Lösemili bir çocuk, dokuları uyumlu olsun diye embriyolar arasından seçilip doğurulan bir kardeş, iki çocuğunun hayatı arasında kalan bir anne ve bir baba...
Jodi Picoult okurlarına anlattığı hikayedeki tüm kahramanlarla empati yaptırabilmesiyle tanınan bir yazar. Bu kitabında da kendimizi hiç olmak istemediğimiz o annenin, o çocukların yerine koyuyoruz. Bazen umutsuzluğa düşüyoruz, bazen isyan ediyoruz, bazen iki evladın arasında kalıyoruz.
Gelişme sonuç kısmı bizim hukuki sistemimizden farklı olduğu için şaşırtıcı çünkü ülkemizde reşit olmayan bir çocuğun yaşıyorken organ donörü olması mümkün değil dolayısıyla çocuğun bu nedenle ailesini dava etmesi de mümkün değil ama yine de süreçte her karakterin kendi açısından sonuna kadar haklı olduğu açmazı derinlikle hissedebiliyorsunuz.

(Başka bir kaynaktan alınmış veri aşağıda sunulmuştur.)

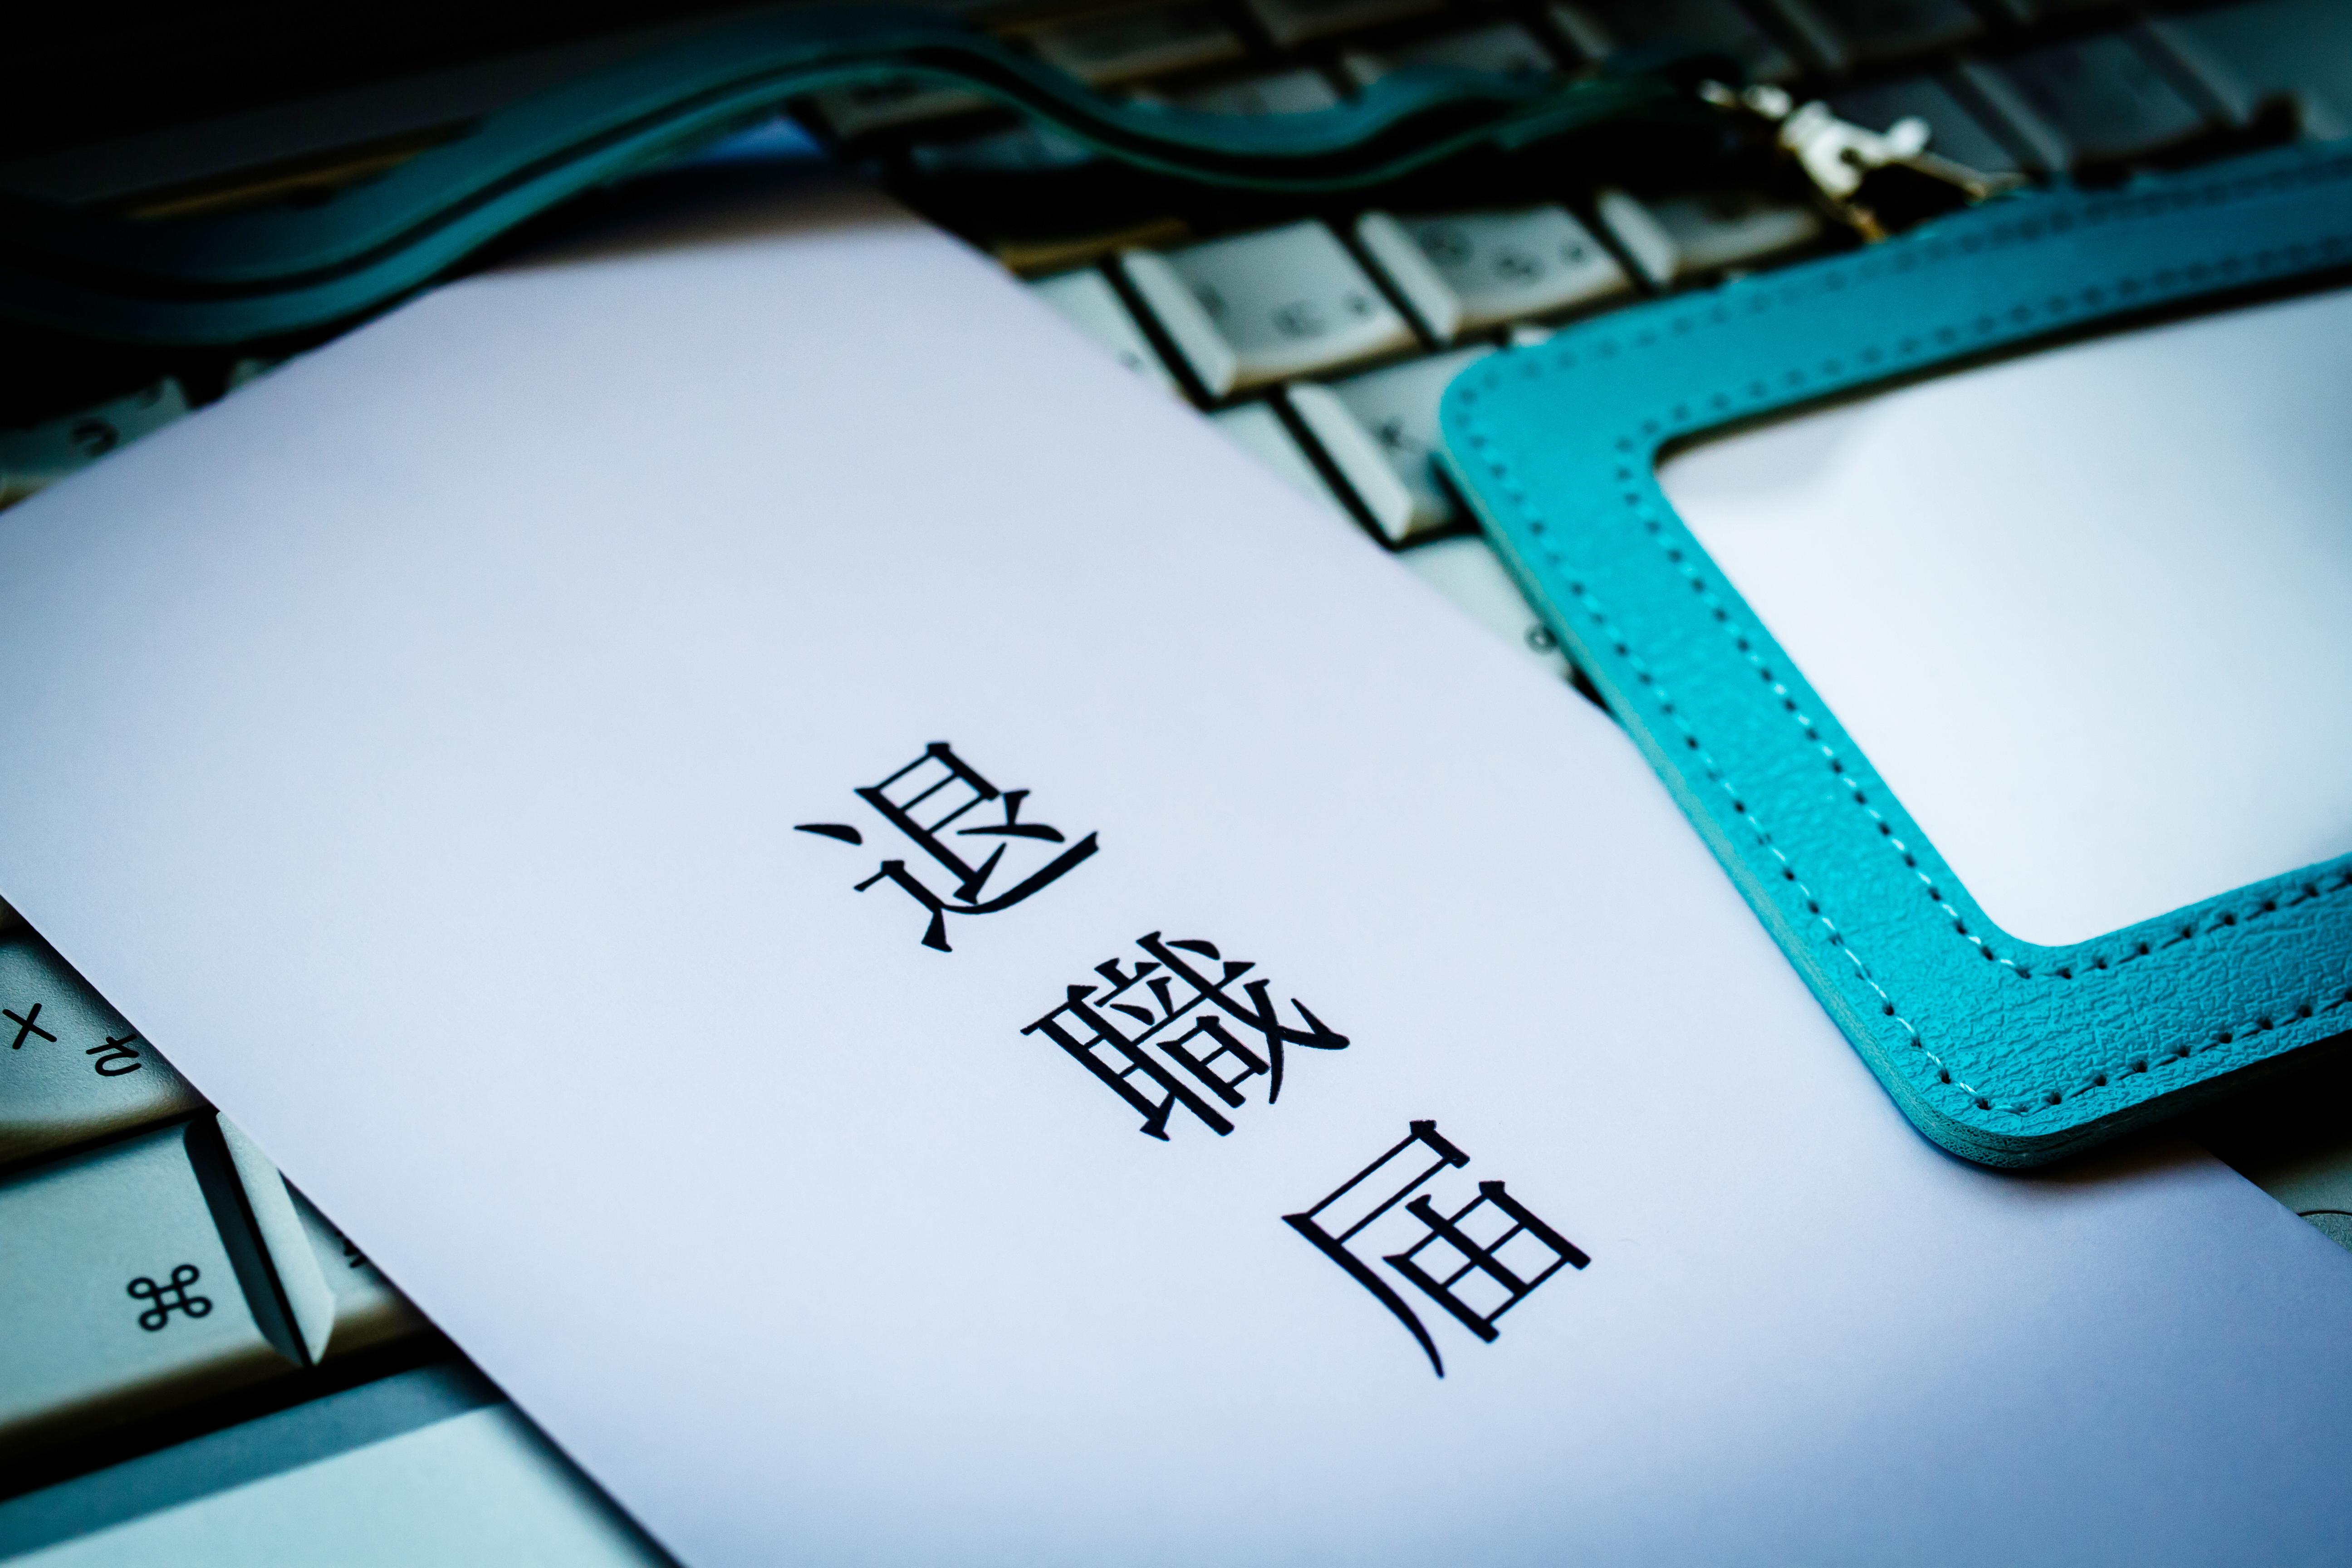 退職届の封筒の書き方!サイズや色の選び方から郵送時の注意まで詳しく解説!

Sonunu biraz klişe buldum ama tam bunu düsundüğüm anlarda bile kalbim ağrıdı.
Genel itibariyle kendini okutan bir kitap, uyumadan önce telefondan okuduğum için bitmesi uzun sürdu ama elde olsa iki günde stresle okunur.
Özellikle sağlık sorunlarıyla uğraşan insanlara önermem, onun dışında başka bi göze empati yapmak bir hayat daha yaşamış olma hissi verecek okuyana.